Effective searches with Google
How Google Works
i. The web server sends the query to the index servers. The content inside the index servers is similar to the index in the back of a book – it tells which pages contain the words that match any particular query term.
ii. The query travels to the doc servers, which actually retrieve the stored documents. Snippets are generated to describe each search result.
iii. The search results are returned to the user in a fraction of a second.
Google runs on a distributed network of thousands of low-cost computers and can therefore carry out fast parallel processing. Parallel processing is a method of computation in which many calculations can be performed simultaneously, significantly speeding up data processing. Google has three distinct parts:
- Googlebot, a web crawler that finds and fetches web pages.
- The indexer that sorts every word on every page and stores the resulting index of words in a huge database.
- The query processor, which compares your search query to the index and recommends the documents that it considers most relevant.

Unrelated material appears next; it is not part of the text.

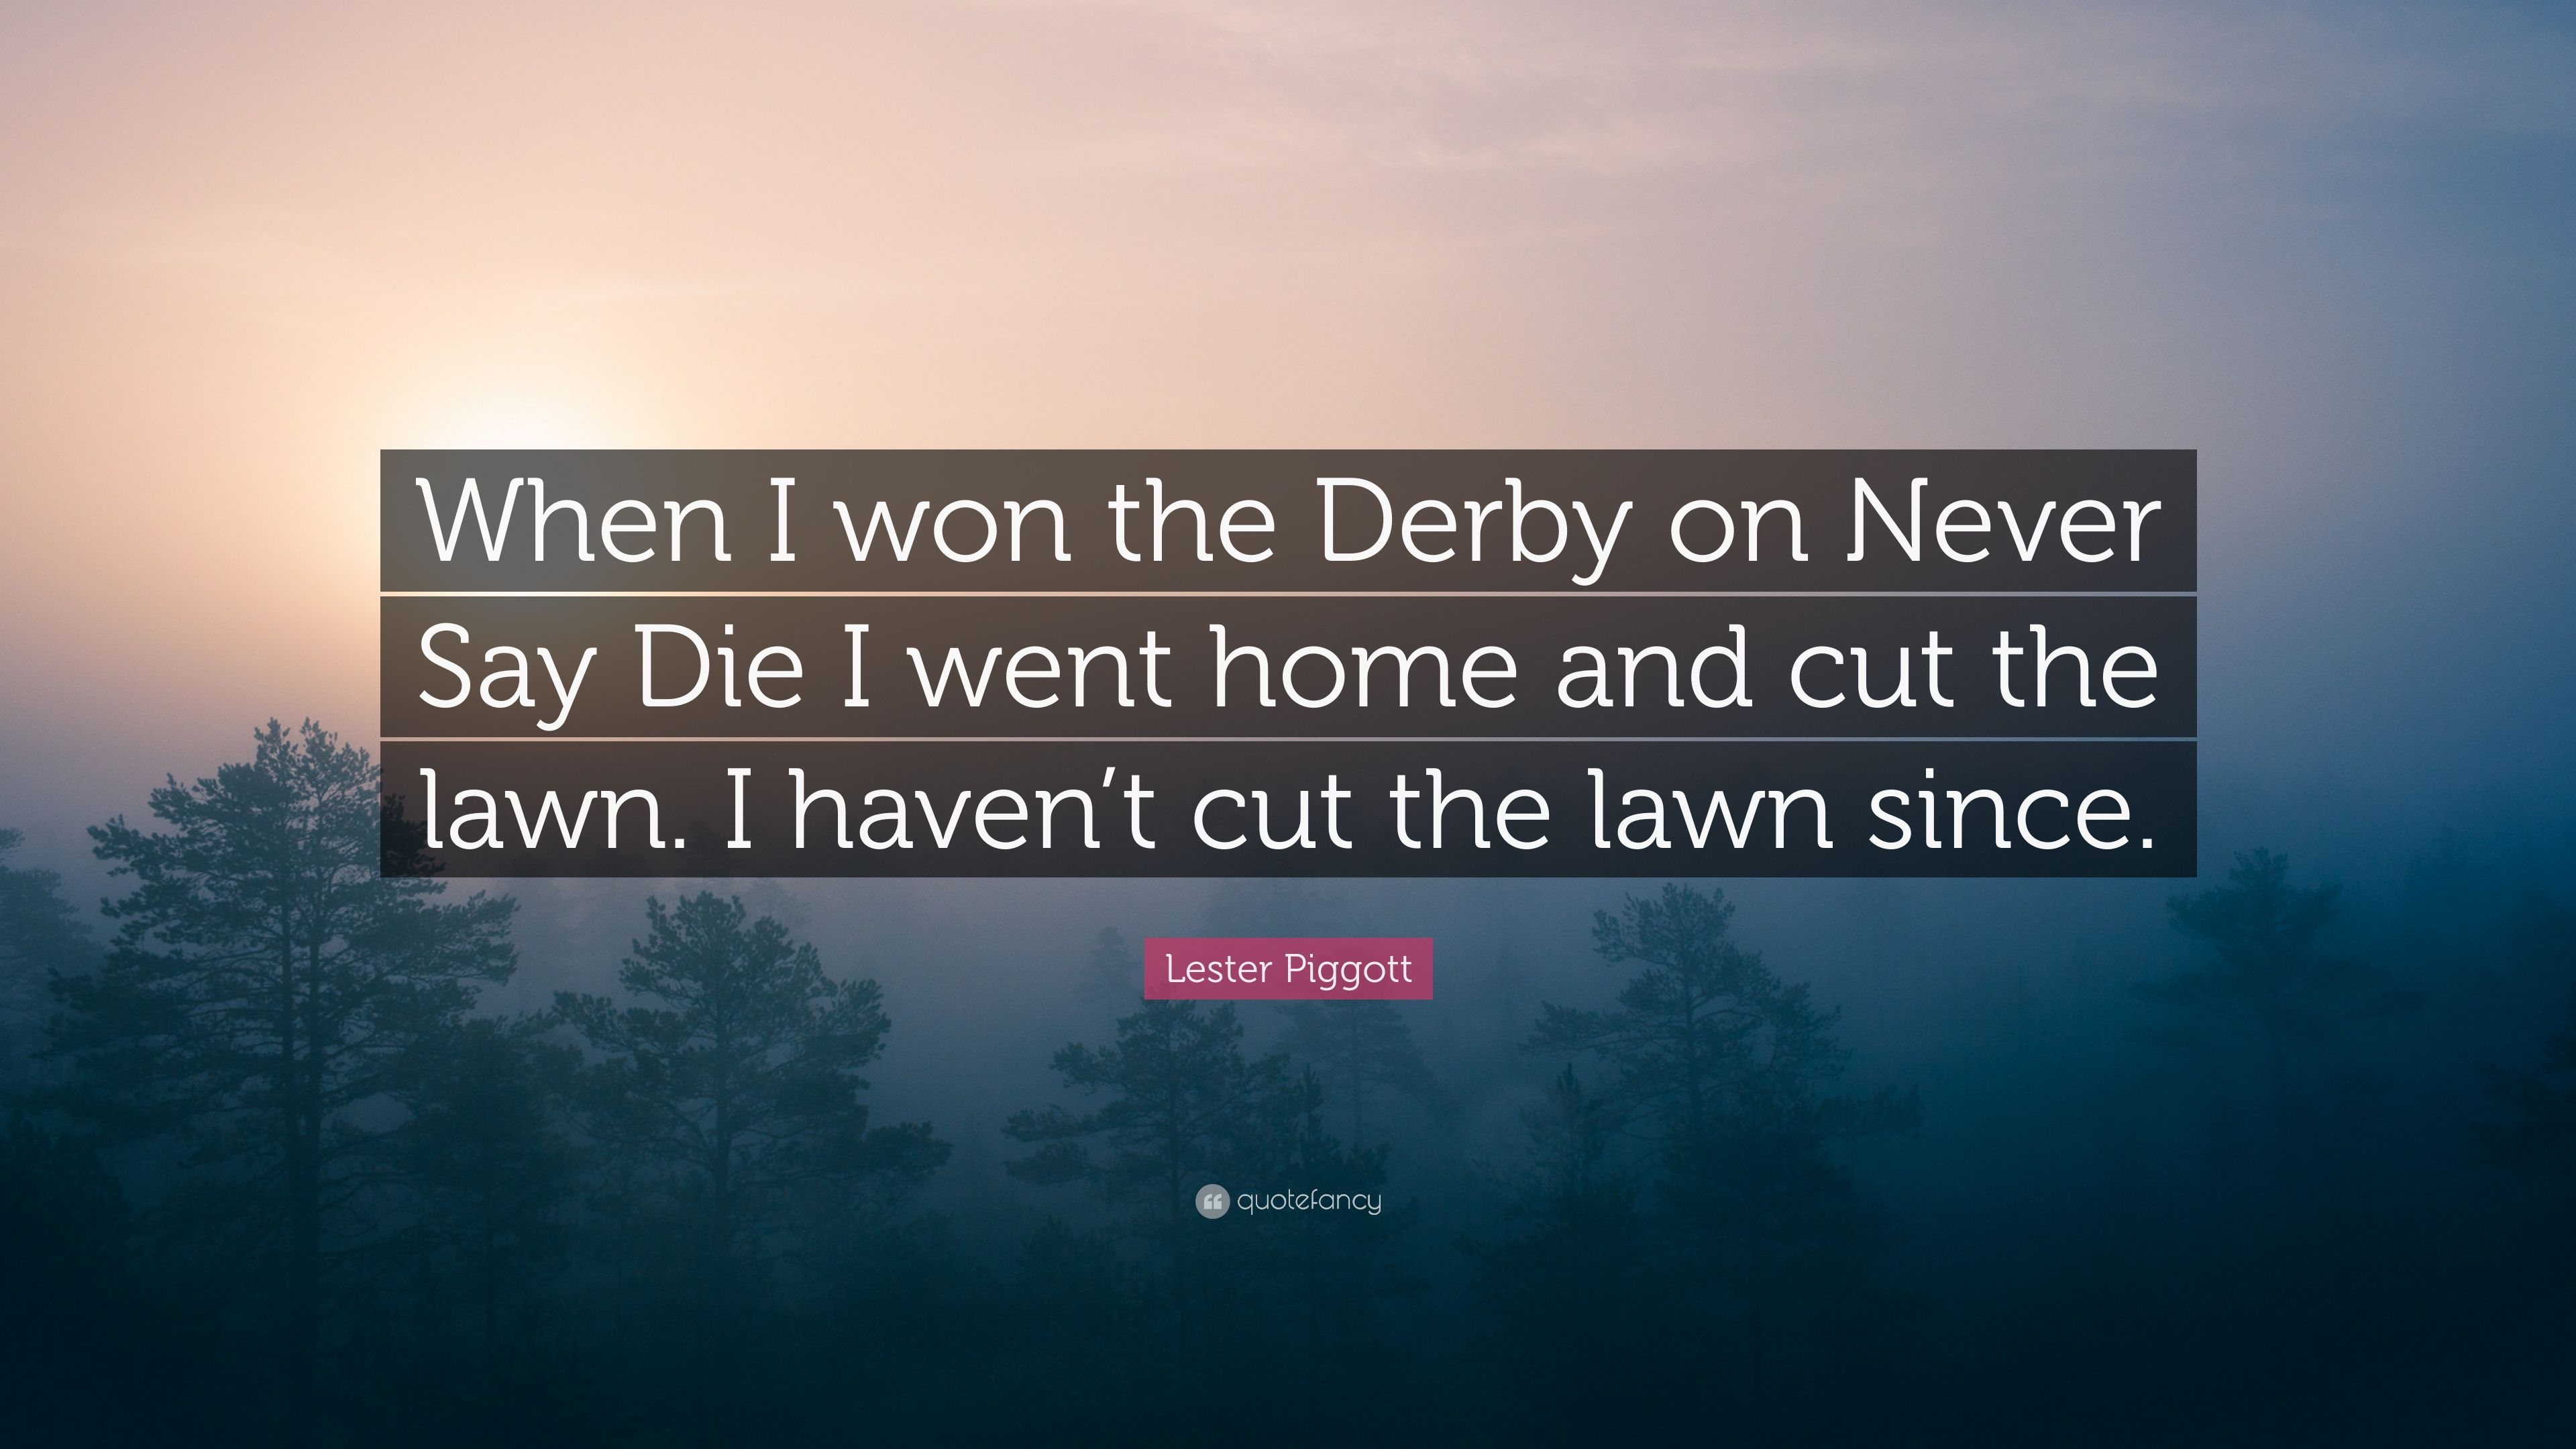 Lester Piggott Quote: “When I won the Derby on Never Say Die I

Use the buttons below to navigate through the lesson
Googlebot is Google’s web crawling robot, which finds and retrieves pages on the web and hands them off to the Google indexer. It’s easy to imagine Googlebot as a little spider scurrying across the strands of cyberspace, but in reality Googlebot doesn’t traverse the web at all. It functions much like your web browser, by sending a request to a web server for a web page, downloading the entire page, then handing it off to Google’s indexer.
Googlebot finds pages in two ways:
- through an add URL form, www.google.com/addurl.html, and
- through finding links by crawling the web.
Googlebot gives the indexer the full text of the pages it finds. These pages are stored in Google’s index database. This index is sorted alphabetically by search term, with each index entry storing a list of documents in which the term appears and the location within the text where it occurs. This data structure allows rapid access to documents that contain user query terms.
Google’s Query Processor
The query processor has several parts, including the user interface (search box), the “engine” that evaluates queries and matches them to relevant documents, and the results formatter.
Page Rank is Google’s system for ranking web pages. A page with a higher PageRank is deemed more important and is more likely to be listed above a page with a lower PageRank.
Google considers over a hundred factors in computing a PageRank and determining which documents are most relevant to a query, including the popularity of the page, the position and size of the search terms within the page, and the proximity of the search terms to one another on the page.
In order to view page ranking, The Google tool bar must be installed – Search for and install the Google toolbar
The first result directly
Click on the I’m Feeling Lucky button on Google’s home page to go directly to the first result for your query. Instead of showing you a list of pages, Google sends you immediately to the result that may be most relevant to your query. For example, if you enter the query MCSE and click the I’m Feeling Lucky button, Google may send you to the home page of Microsoft Learning.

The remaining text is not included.